Самый знаменитый представитель французского книгопечатания Нового времени, издательский дом Этьеннов в Париже, появился в 1502 году и просуществовал 150 лет, выпустив около 1500 изданий. Об основателе династии Анри Этьенне нам известно не так уж много. Он получил патент мастера, женившись на вдове одного немецкого типографа; в условиях недостатка патентов и избытка честолюбивых подмастерьев данный способ широко практиковался в ту эпоху. Результатом этого брака стали три сына, дочь и 130 изданий, вышедших из типографии до смерти Анри в 1520 году. После этого его вдова вышла замуж третий раз, и снова за печатника, что также считалось совершенно типичным: хотя история знает нескольких успешных женщин-типографов, самостоятельное управление бизнесом мужа не приветствовалось, тем более что своей очереди на патент дожидались те самые подмастерья.
«Франциск I и Маргарита Наваррская, его сестра, посещают типографию Робера Этьенна», Жан-Поль Лоран, 1899 |
Поначалу её сын — тот самый Робер Этьенн — работал совместно с отчимом Симоном де Колином, однако уже с 1526 года печатный пресс перешёл в полное его распоряжение, а Колин открыл собственную типографию несколькими улицами дальше. Робер, кстати, тоже нашёл пару в профессиональном кругу, женившись на дочери знаменитого нидерландского печатника Конрада Бадия, обитавшего в Париже, и нет нужды говорить, что их дети с раннего возраста обучались премудростям ремесла и продолжили дело отца.
Нет сведений о том, что Робер когда-либо посещал университет. Однако он был неплохо образован, отлично владел латынью и греческим. Ведь дом Анри стоял в Латинском квартале с его студентами и профессорами, учёными и литераторами, латынь там звучала на каждом углу, а у Анри часто гостили авторы из других стран, говорившие между собой на этом языке. От отца Робер унаследовал всего один печатный пресс, но со временем довёл их количество до четырёх и сделал свою типографию одной из крупнейших во Франции. Благодаря красивым шрифтам, чёткой печати, удивительной точности текста (Этьенн назначил своим сотрудникам премию за каждую найденную опечатку) и элегантному дизайну его издания обрели известность и считаются сегодня одними из лучших в первой половине 16 века. Существенную часть репертуара дома Этьеннов, выпускавшего в среднем по 18 изданий в год, составляли комментированные труды античных авторов и гуманистов, но самые значимые его достижения связаны с Библией и словарями.

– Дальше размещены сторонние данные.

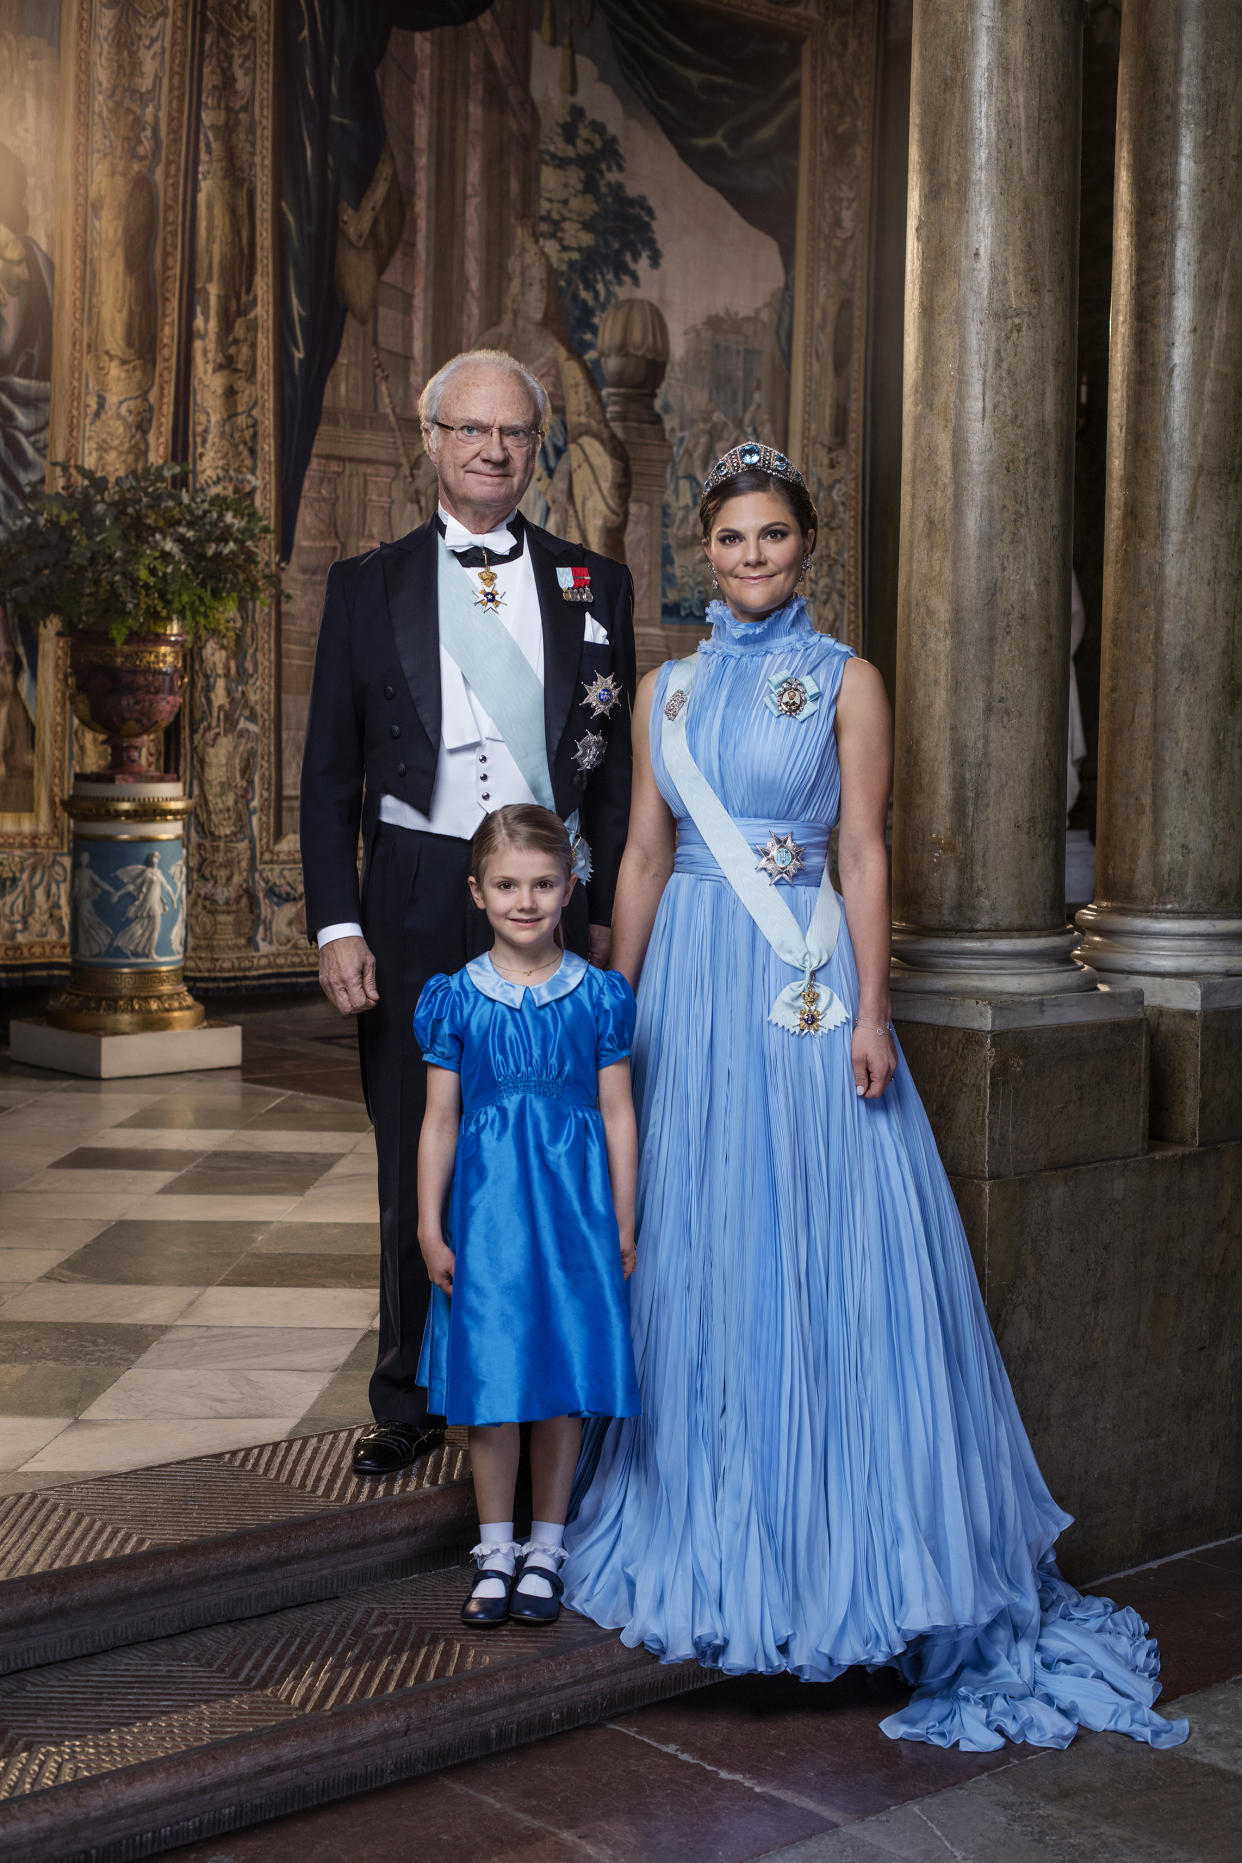 Das schwedische Königshaus hat das 200-jährige Jubiläum der Bernadotte-Dynastie gefeiert. (Bild: Kungahuset.se)

В 1528 году кто-то из клиентов пожелал иметь новое издание популярного латинского словаря Амброзио Калепино, попросив Робера перед публикацией проверить текст на наличие ошибок и опечаток. Робер любил словари. Он с увлечением взялся за работу, но через какое-то время сообщил ошарашенному заказчику, что отказывается это печатать: слишком много ошибок и неточных переводов, многие важные понятия попросту отсутствуют. Он загорелся идеей издать новый словарь. Вступил в переговоры с лучшими учёными Парижа, но проблема состояла в том, что молодой издатель не мог предложить им никакого вознаграждения, по крайней мере пока книга не будет издана и продана. И тогда Робер взялся за дело сам. После рабочего дня в типографии он штудировал латинских авторов, одно за другим выписывал все понятия, слово за словом создавая мечту — собственный словарь. Его Thesaurus linguae latinae позже стал классикой, фундаментальным трудом среди латинских словарей до конца следующего столетия. Практически с него и начинается вся современная лексикография. В 1531 году словарь вышел из типографии — 964 страницы, титанический труд одного энтузиаста.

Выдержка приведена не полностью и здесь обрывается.